Department of Sociology

Stanford University

valery@stanford.edu

Mark Granovetter

Department of Sociology

Stanford University

granovetter@stanford.edu

Patrick McGuire

Department of Sociology

University of Toledo

pmcguir@pop3.utoledo.edu

 

Paper available from: valery@stanford.edu

 

Abstract

 

Price is a central analytic concept in both neoclassical and old institutional economics. Combining the social network perspective with old and new institutionalist approaches to price formation, this paper examines technological, economic, institutional, and political factors which shaped the earliest pricing systems for electricity used in the US, between 1882 and 1910.  We show that certain characteristics of electricity supply led to ambiguities in how the product should be priced, that created consumer skepticism about legitimacy of pricing, and to a politics of pricing among electricity producers. In particular, we investigate why the “Wright system”, arguably inferior in productive efficiency to other alternatives, was widely adopted by 1900. We argue that this outcome resulted in part from the political and organizational clout of its supporters, as well as from their particular conceptions of the boundaries and future of the industry itself. The Wright system best suited the “growth dynamic” strategy promoted by the managers of large central stations in their fierce competition with smaller and more decentralized installations. Thus, even in this apparently highly technical and mainly economic issue of how to price the product, there was ample room for social construction and political manipulation. The outcome reached was by no means inevitable and had a highly significant impact on the shape of the American industrial infrastructure.

 


 

 

EDITORIAL POLICY

 

A. Titles & Abstracts of working papers by social scientists actively engaged in research will be considered for inclusion in the Newsletter, provided they meet these criteria:

 

  1. Papers must be scientific in nature.
  2. Papers must not use inappropriate or discriminatory language.
  3. Papers must address a topic related to economic sociology, work, occupations, professions, or organizations.
  4. Papers must be at least 15 double-spaced pages long.
  5. Papers must not have been yet published, although they may have been accepted for publication at a future date.

 

B. The editors reserve the right not to include papers that fail to meet any of the above criteria.

 

C. The papers accepted for inclusion in the Working Paper Series are not refereed. Rather, the role of the editors is to make sure that the criteria under point A above are met.

 

D. Full-length papers should be submitted in Windows Microsoft Word format to: guillen@wharton.upenn.edu. Abstract submissions without the full-length paper will be returned to authors.

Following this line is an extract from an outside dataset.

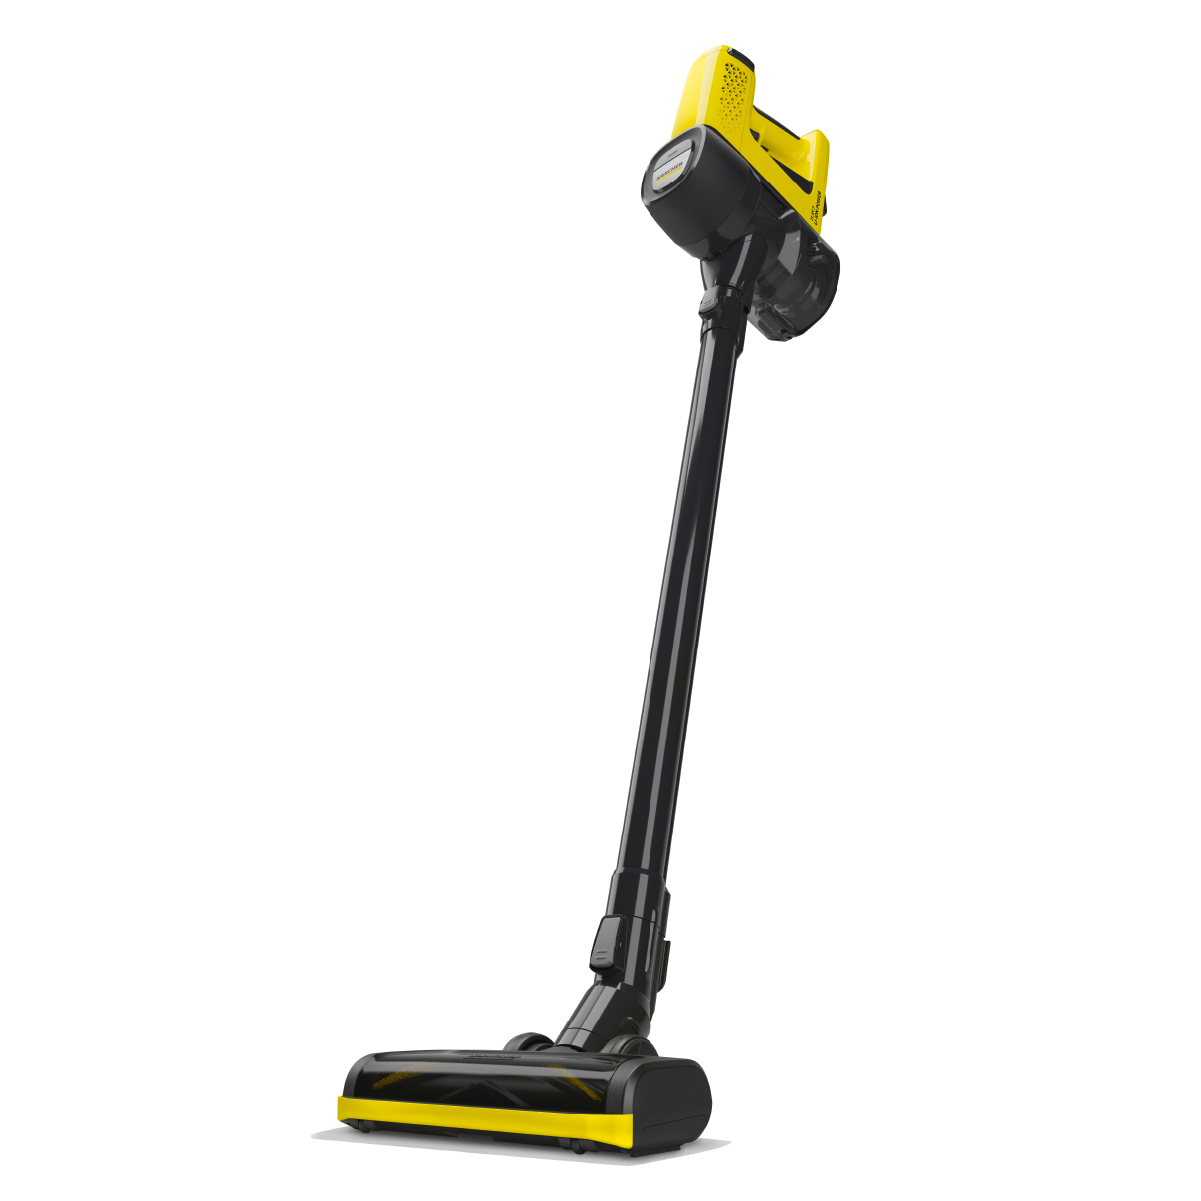 Cordless Stick Vacuum Cleaner - VC 4

Submissions in formats other than Windows Microsoft Word will be returned to authors.

 

E. Authors of papers accepted for inclusion in the Newsletter are requested to provide:

 

  1. Their institutional affiliation (if any), and an email contact address.
  2. An abstract of the paper not exceeding 250 words, in Windows Microsoft Word format.
  3. A means for people to obtain the full-length paper. These may include: a website or an email address. Non-electronic media of paper distribution will not be accepted.

 

F. Authors must respond to all requests for papers promptly. Failure to make the full-length paper available will result in exclusion of the paper from the Working Paper Series.